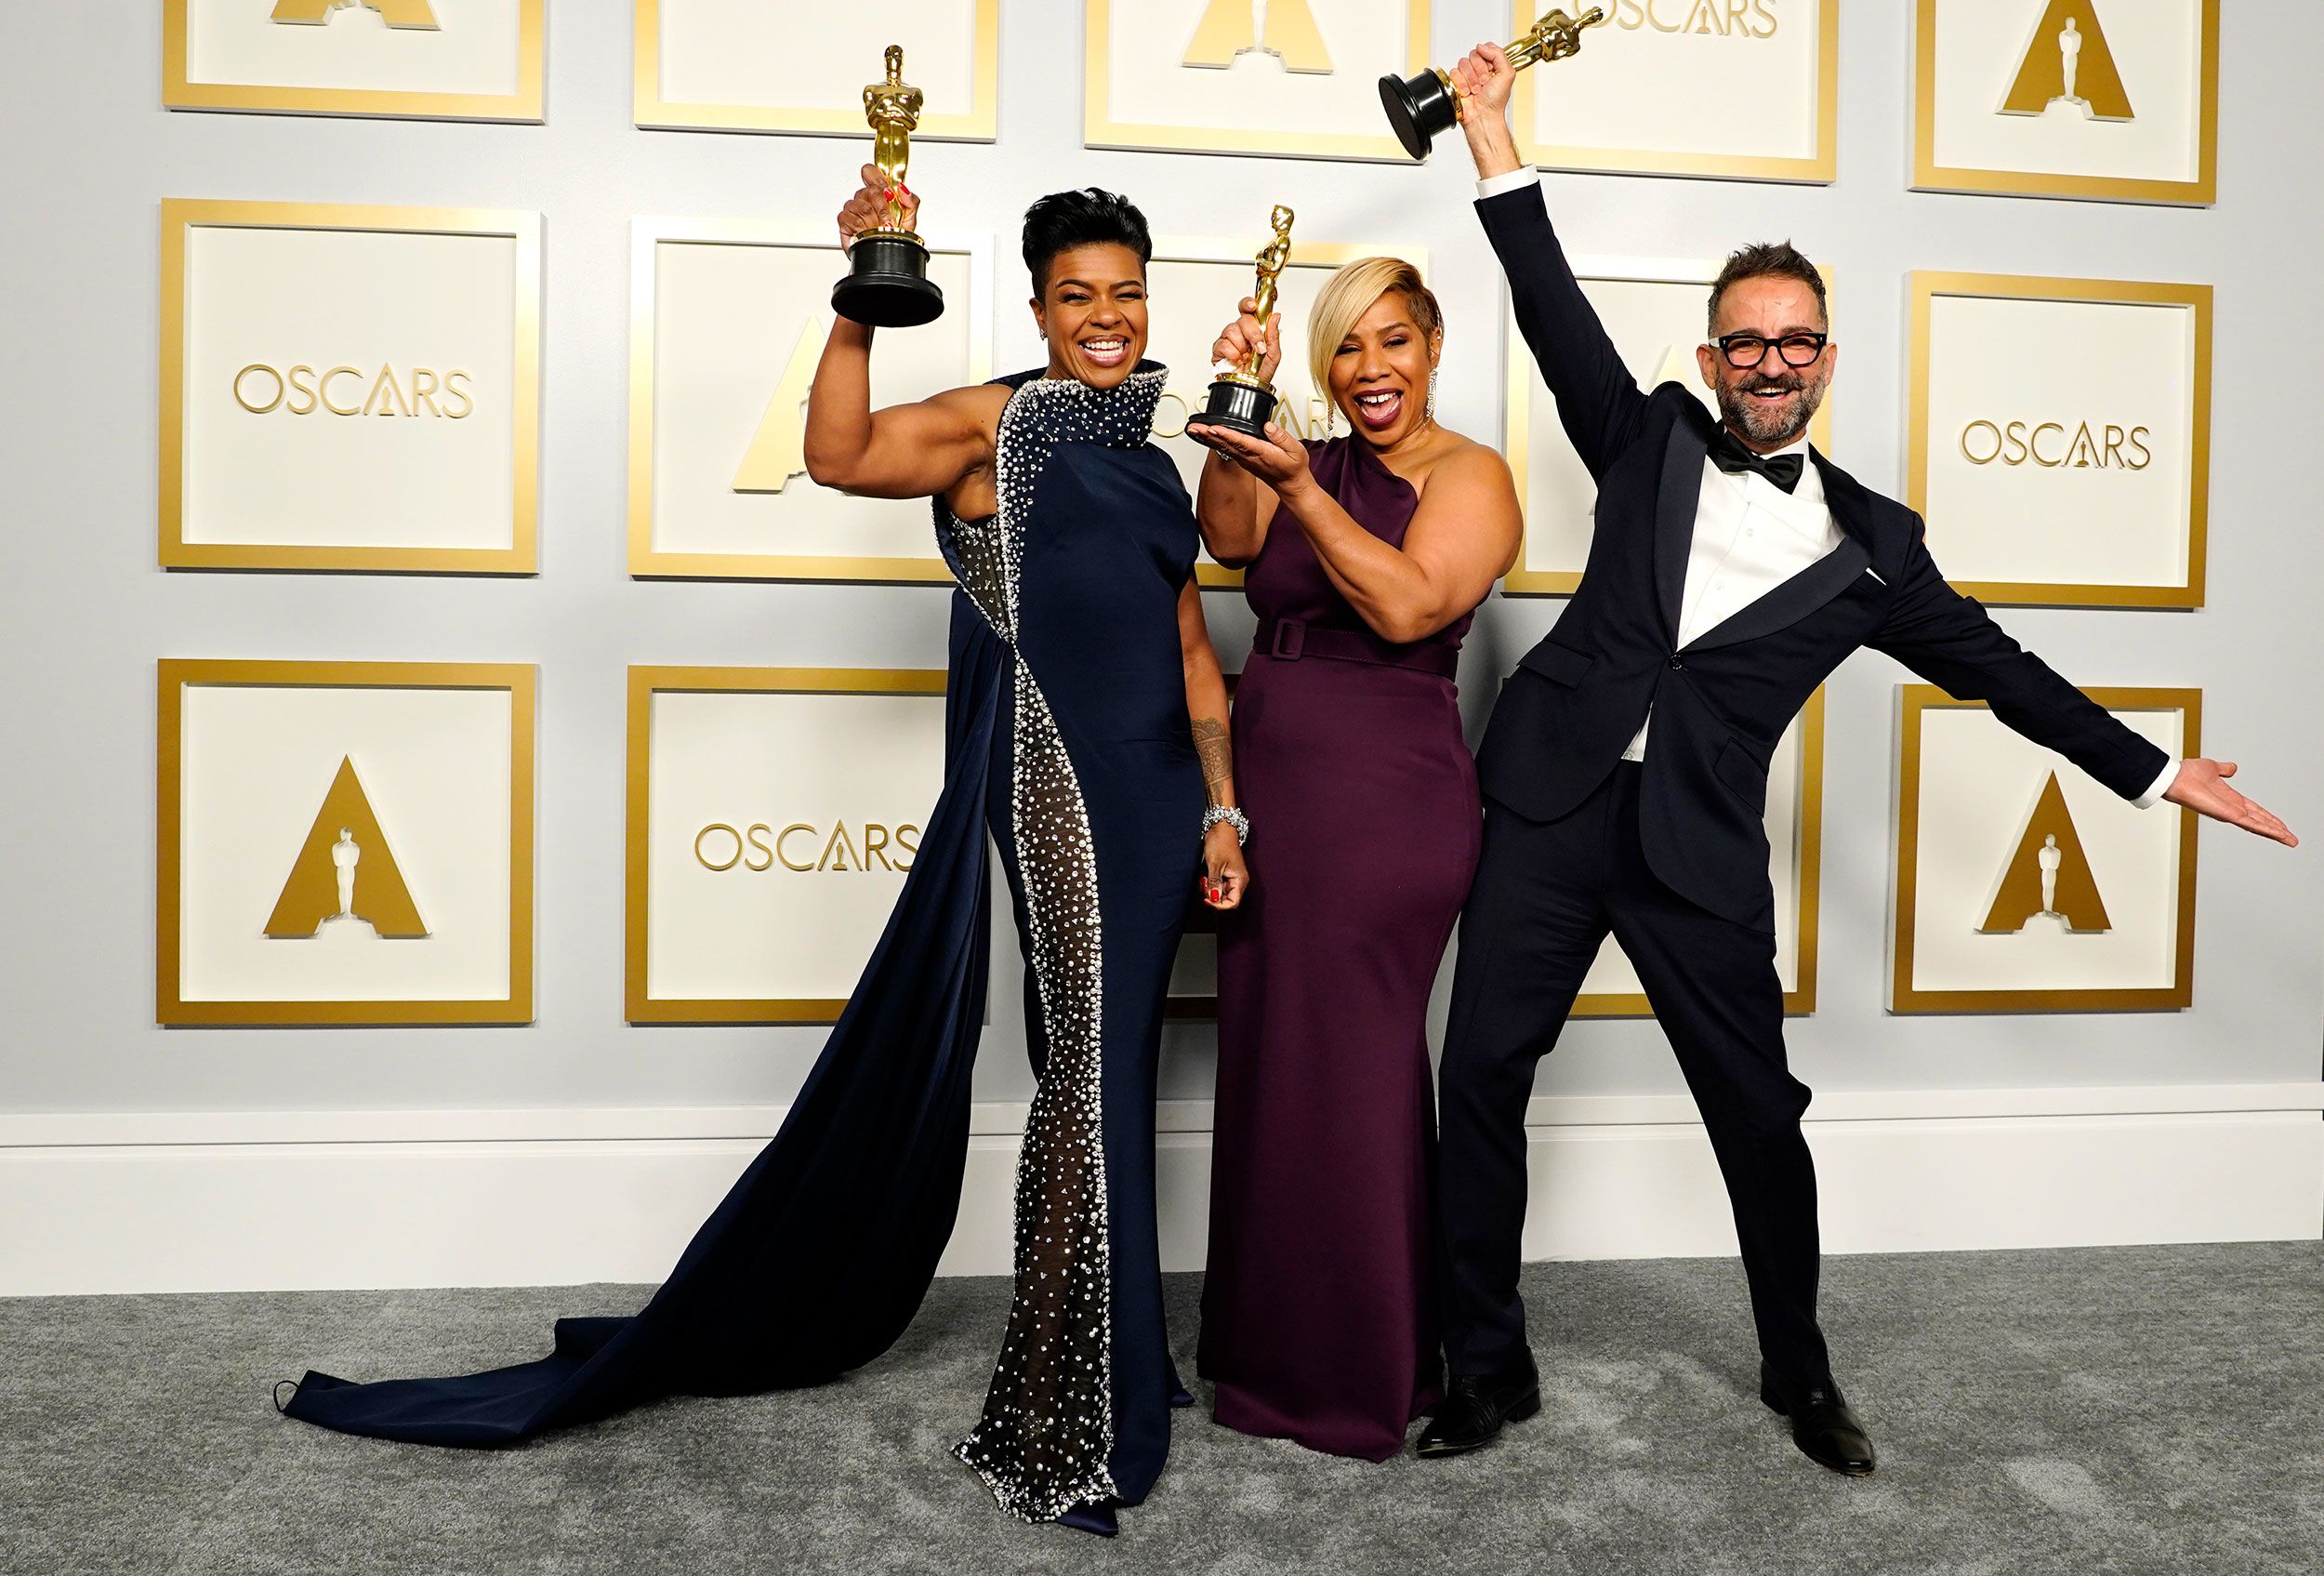 2021 Oscars Photos, News, Videos and Gallery
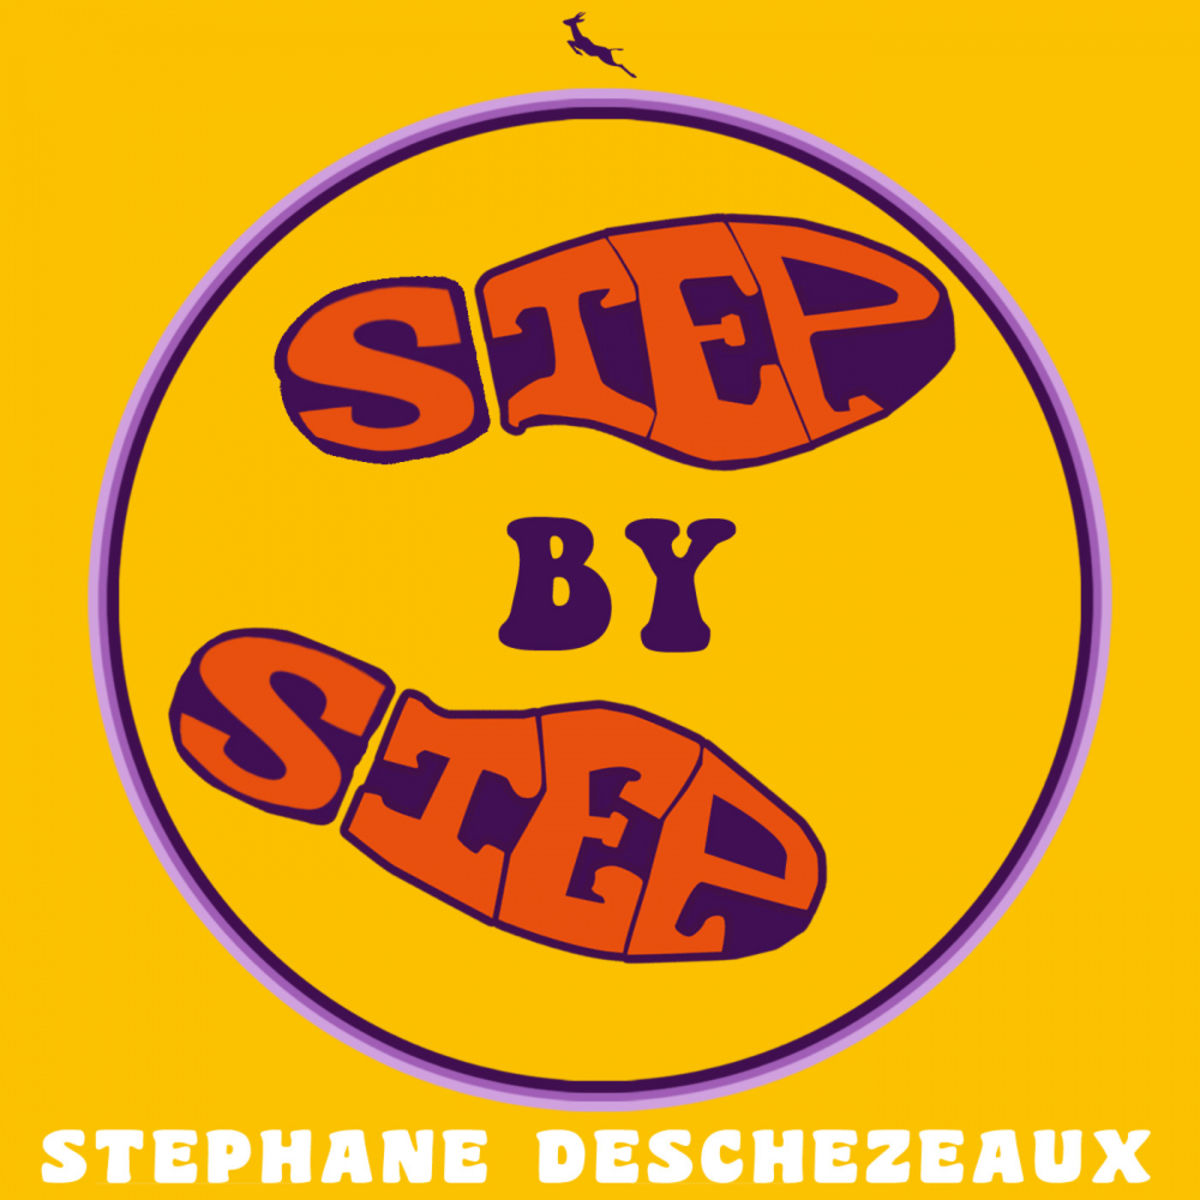 Stephane deschezeaux - Step By Step / Springbok Records
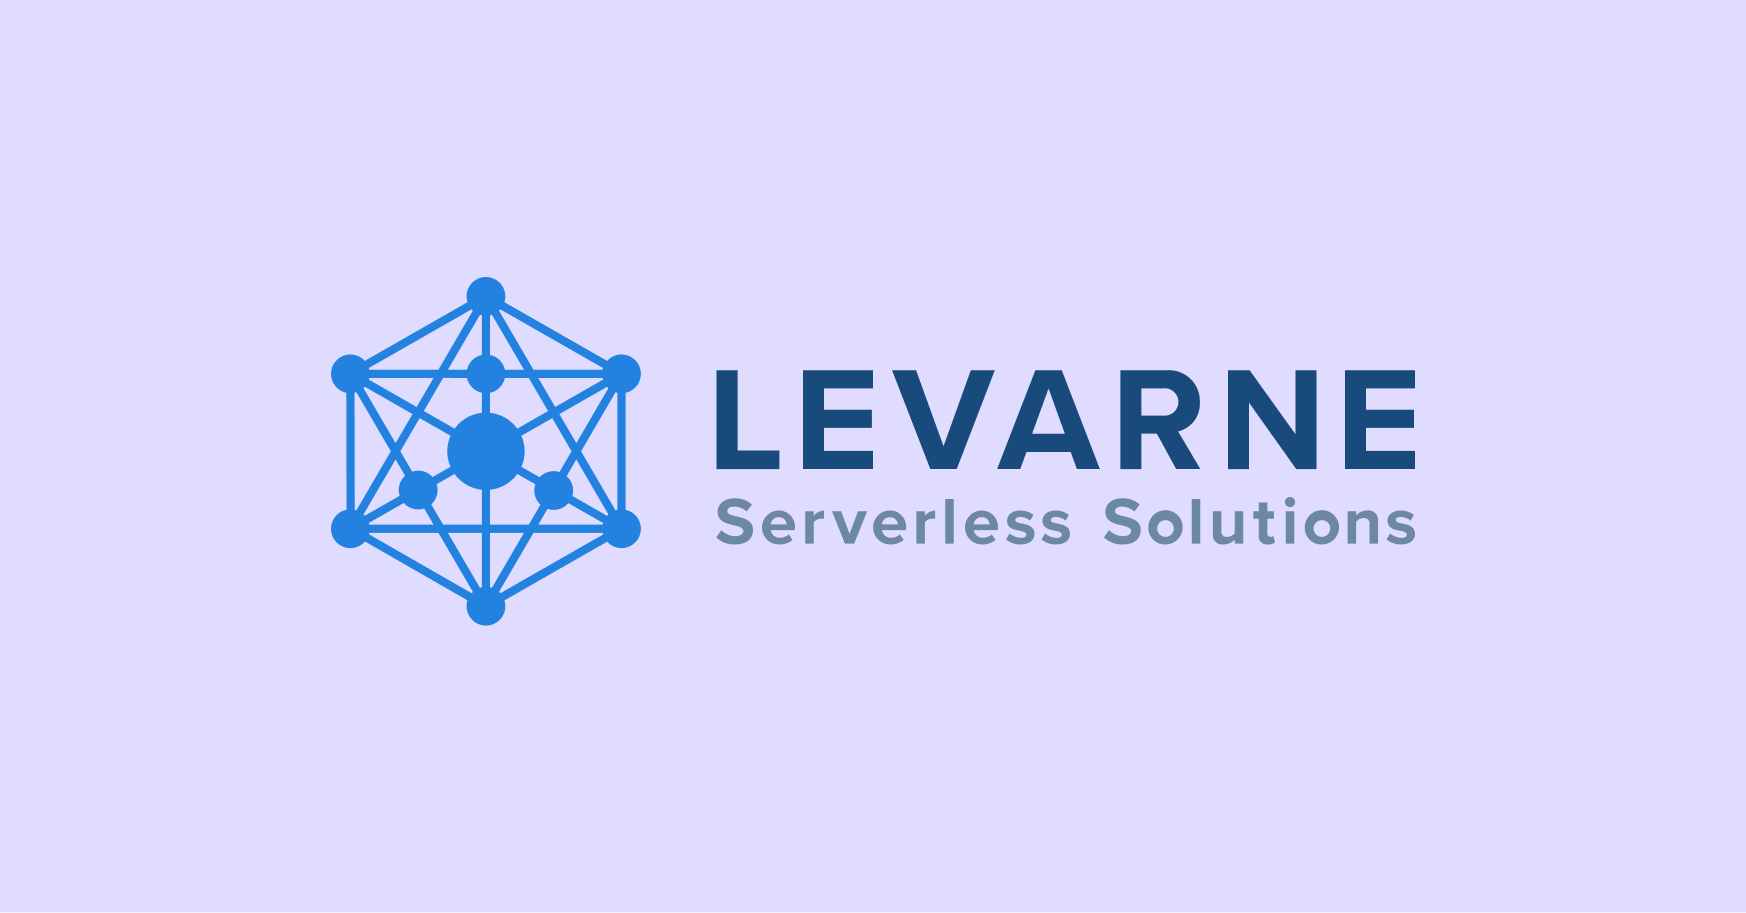 Agency Levarne logo with background

----

Transcribe the material exactly, keeping every word and none of the pictures.

 2021 Oscars Photos, News, Videos and Gallery
 Stephane deschezeaux - Step By Step / Springbok Records
 Agency Levarne logo with background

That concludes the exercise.